__Supplied material__.
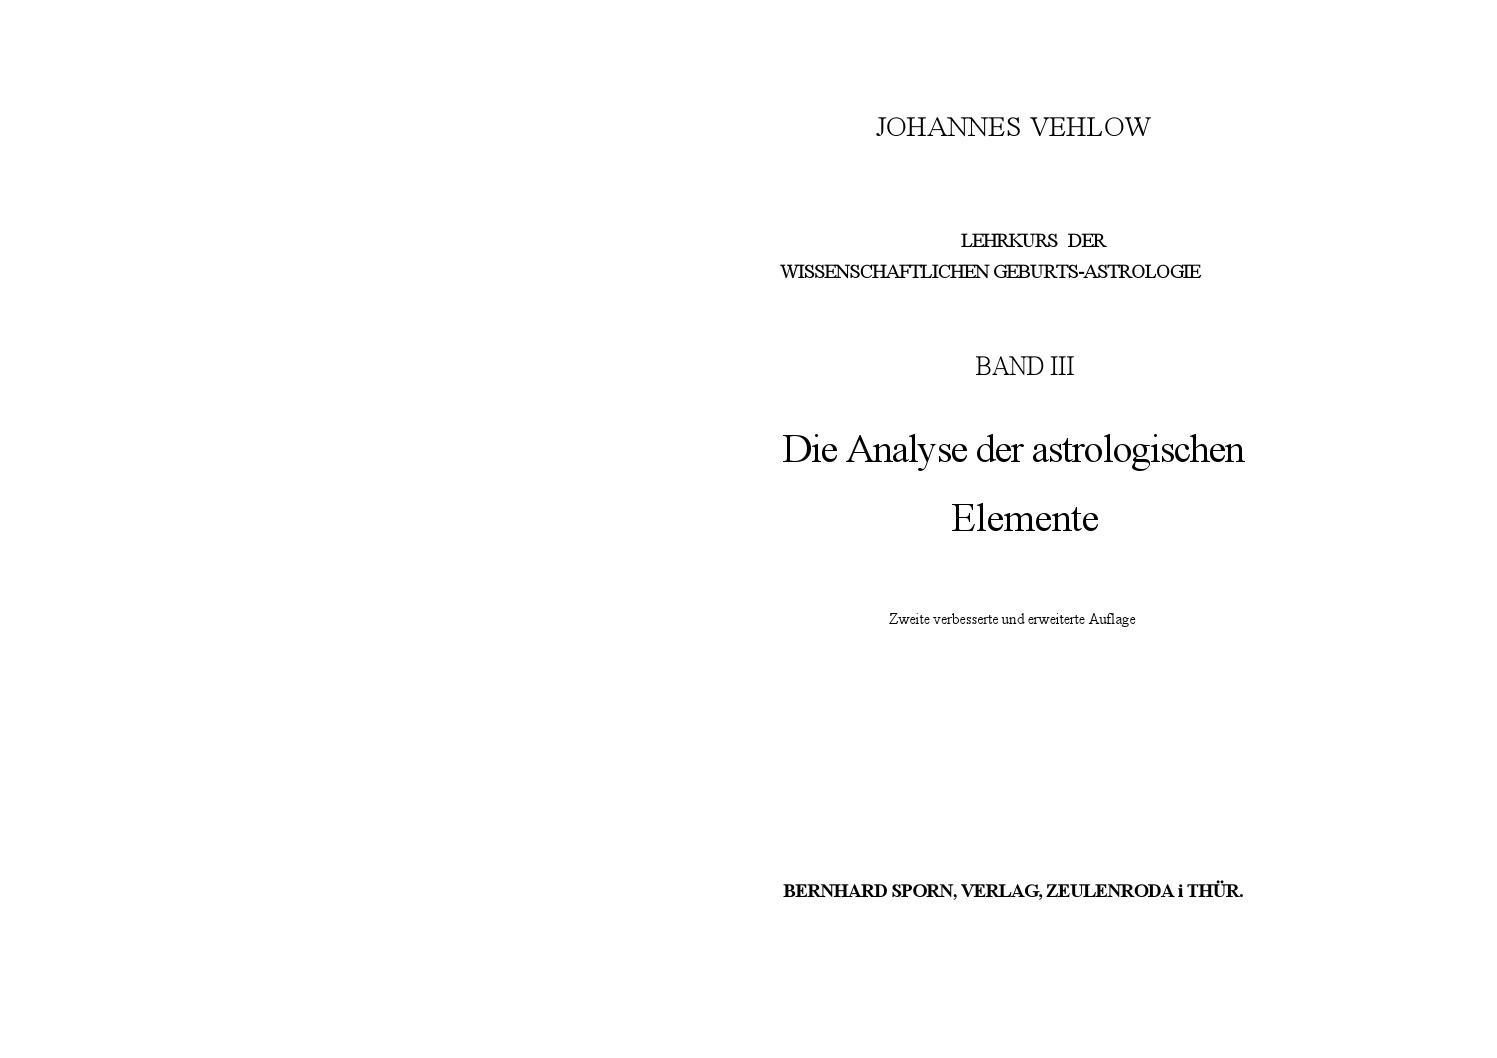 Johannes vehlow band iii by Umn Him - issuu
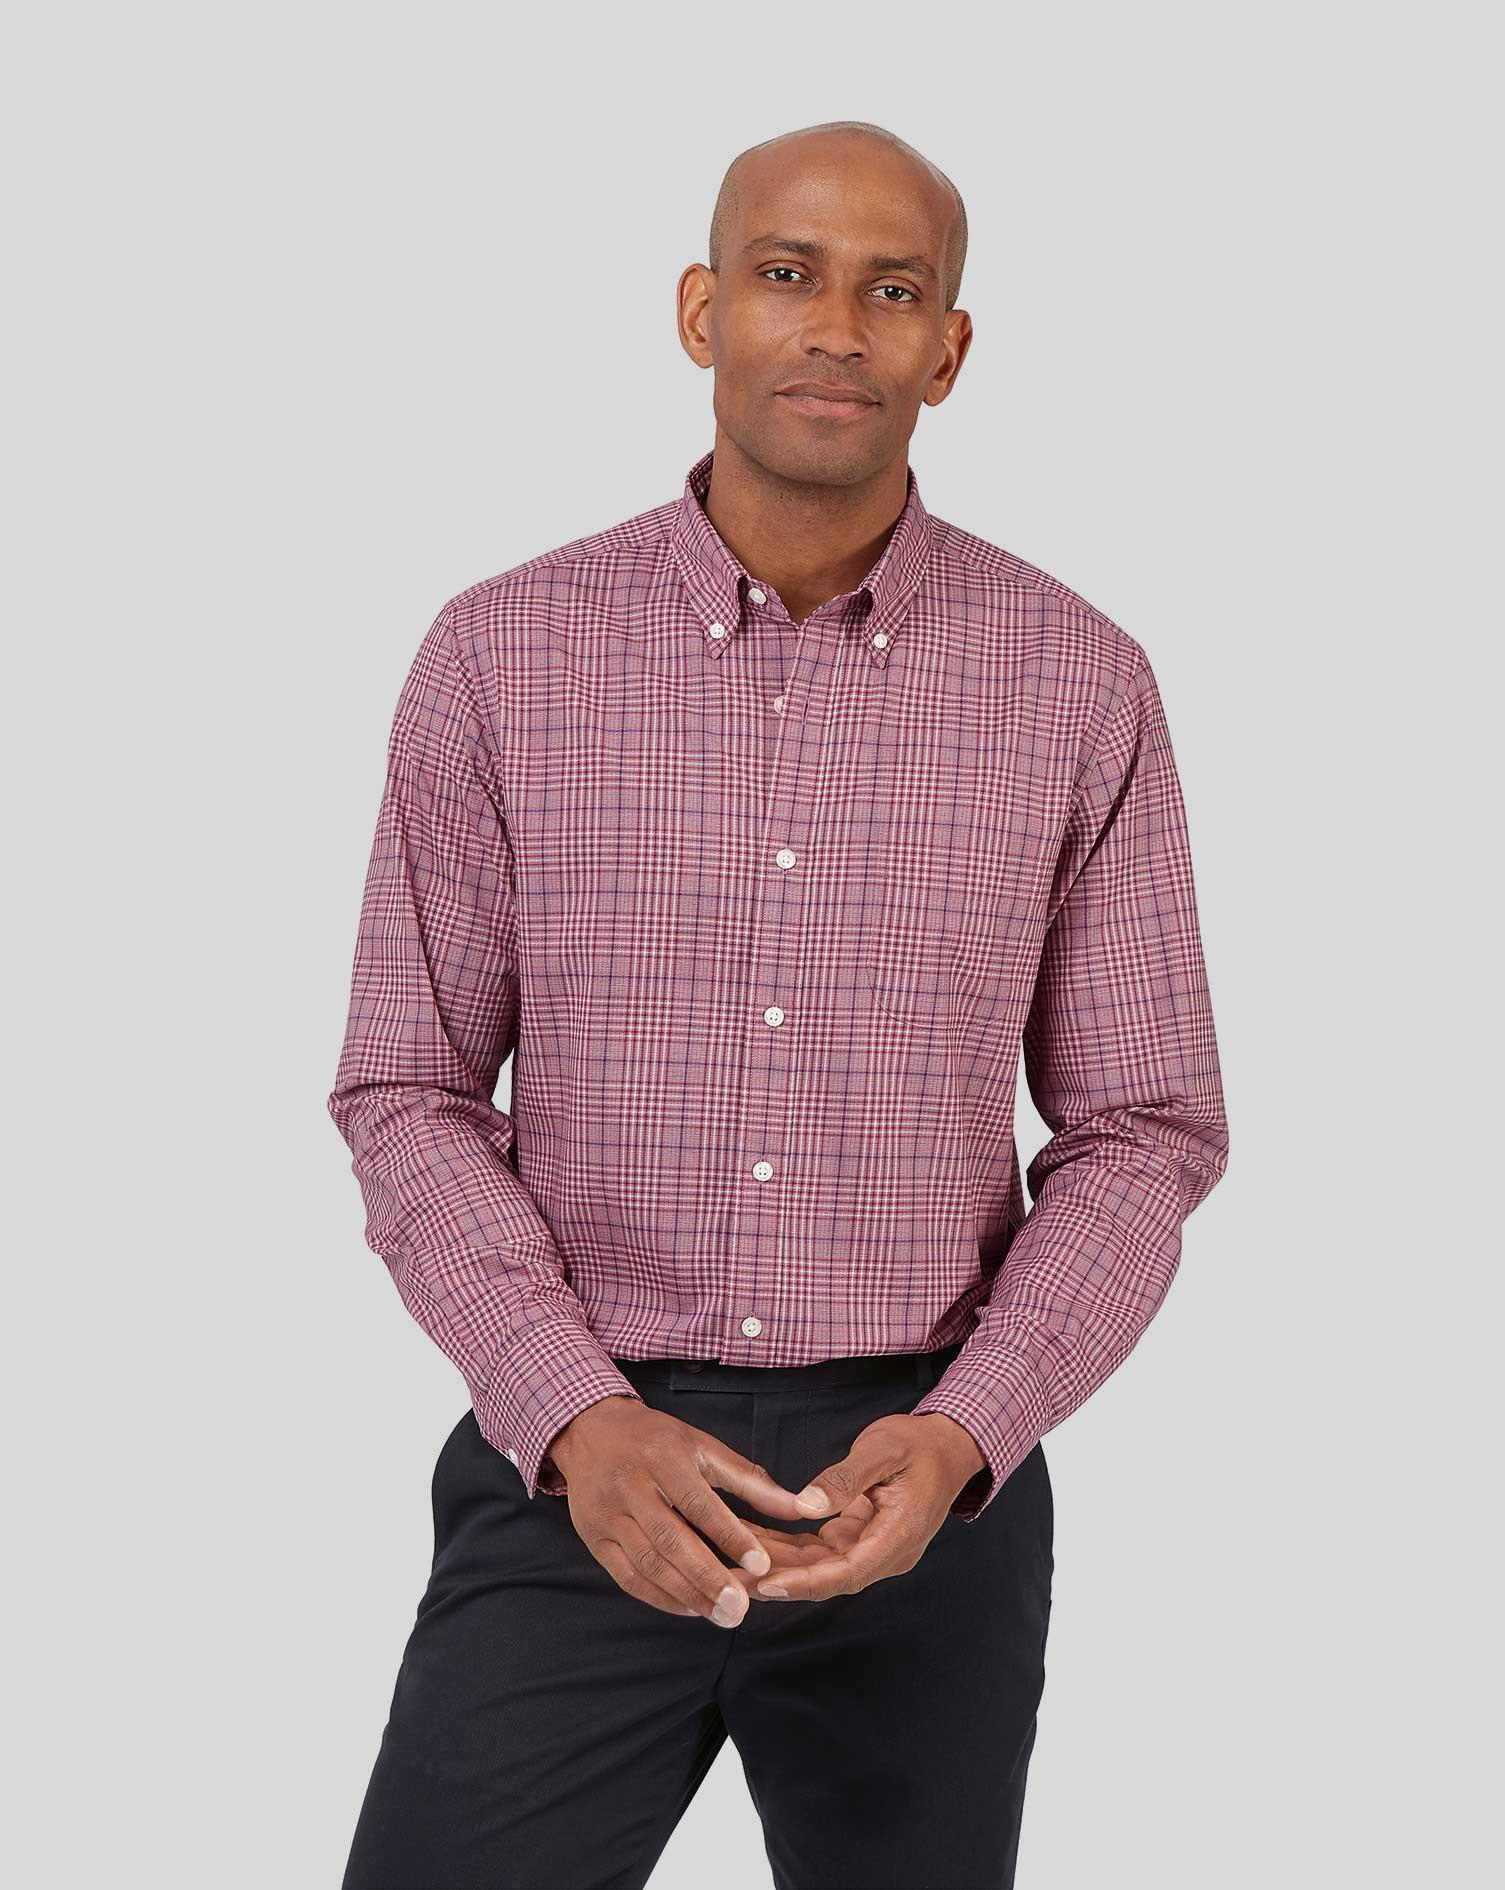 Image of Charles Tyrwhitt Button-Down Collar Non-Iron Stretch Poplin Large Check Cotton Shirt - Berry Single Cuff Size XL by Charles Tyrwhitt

==

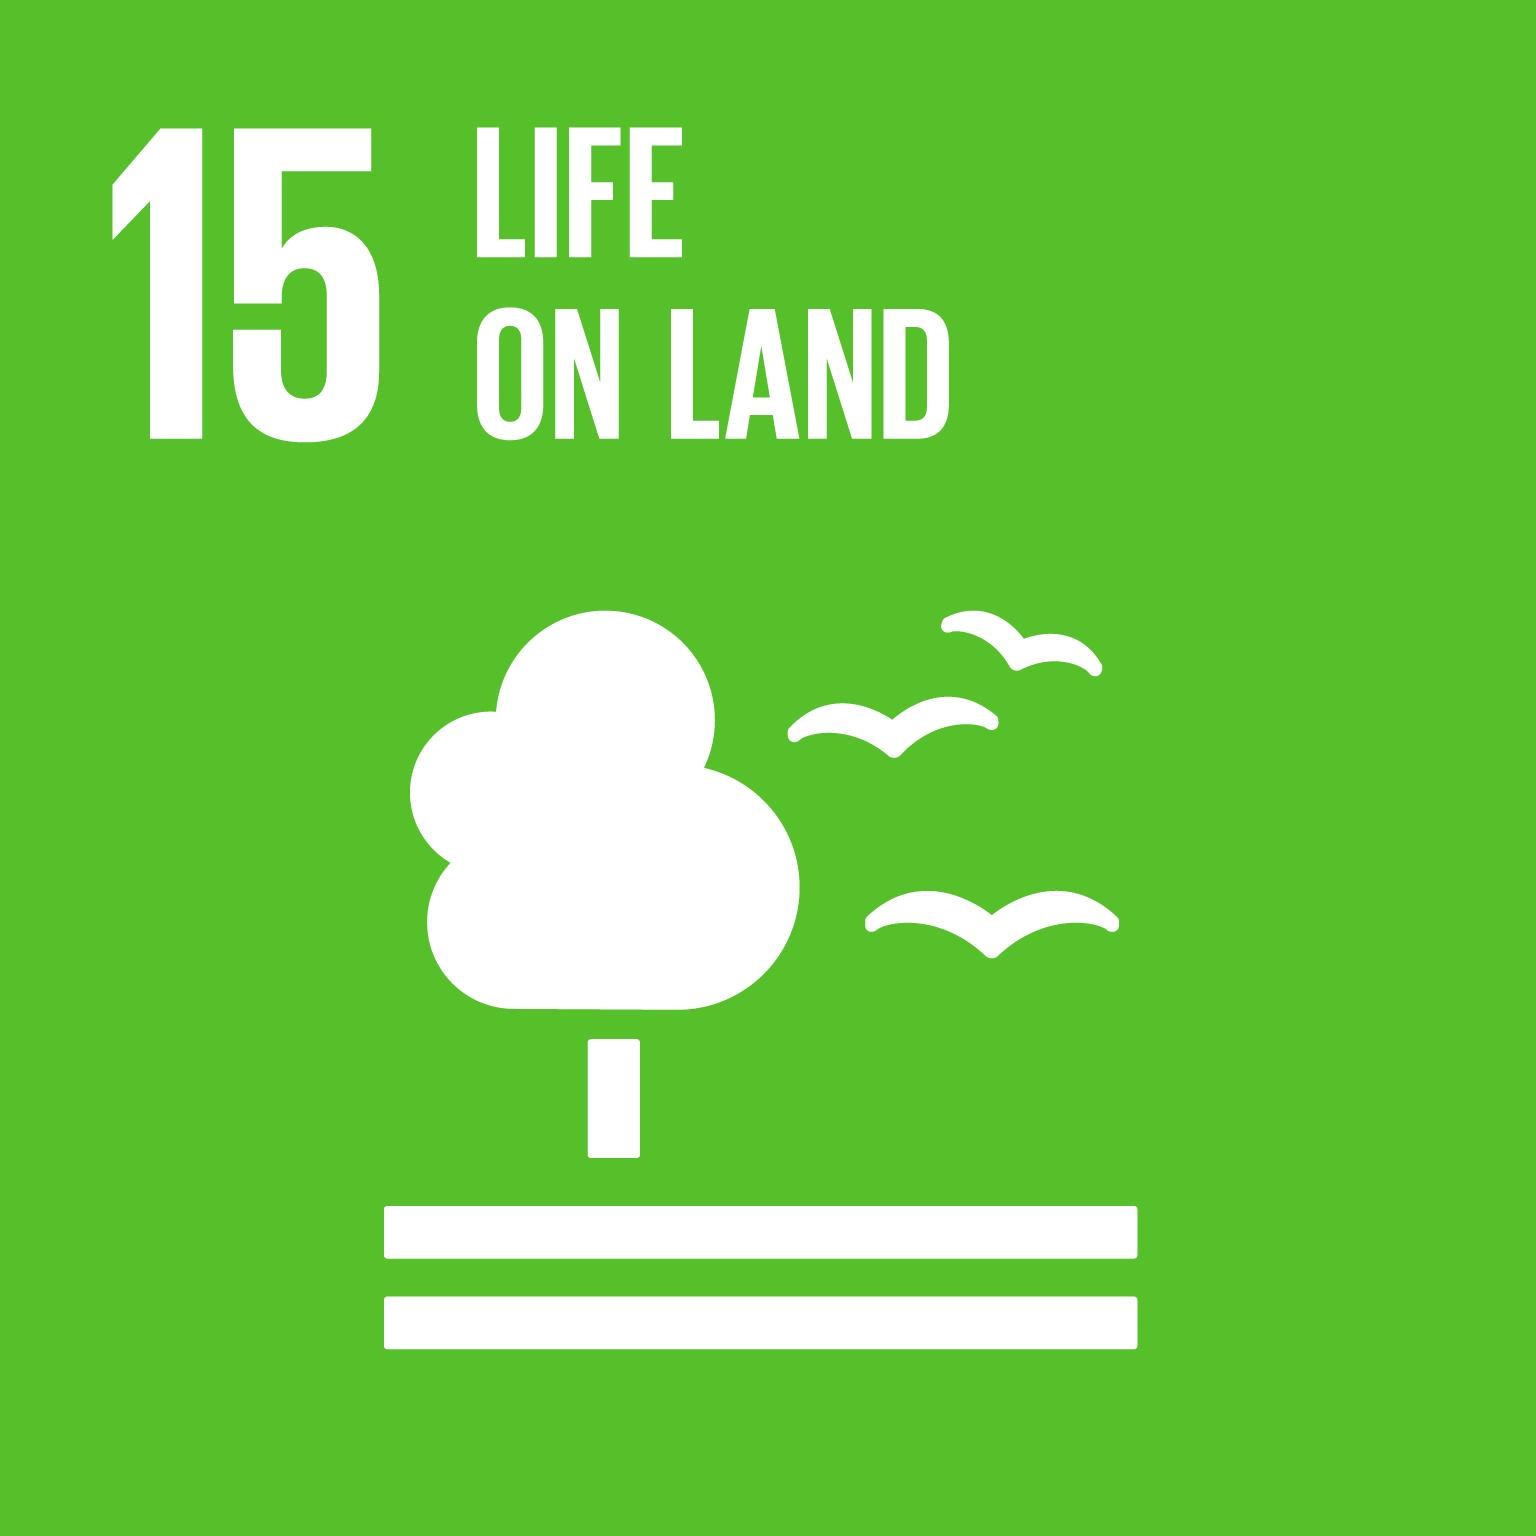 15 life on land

__Requirement__. Your answer should be the exact lines above from the one containing "Johannes vehlow band iii by Umn Him - issuu" through the one containing "Image of Charles", with both end lines kept and the pictures removed, please.

__Exercise solution__.
 Johannes vehlow band iii by Umn Him - issuu
 Image of Charles Tyrwhitt Button-Down Collar Non-Iron Stretch Poplin Large Check Cotton Shirt - Berry Single Cuff Size XL by Charles Tyrwhitt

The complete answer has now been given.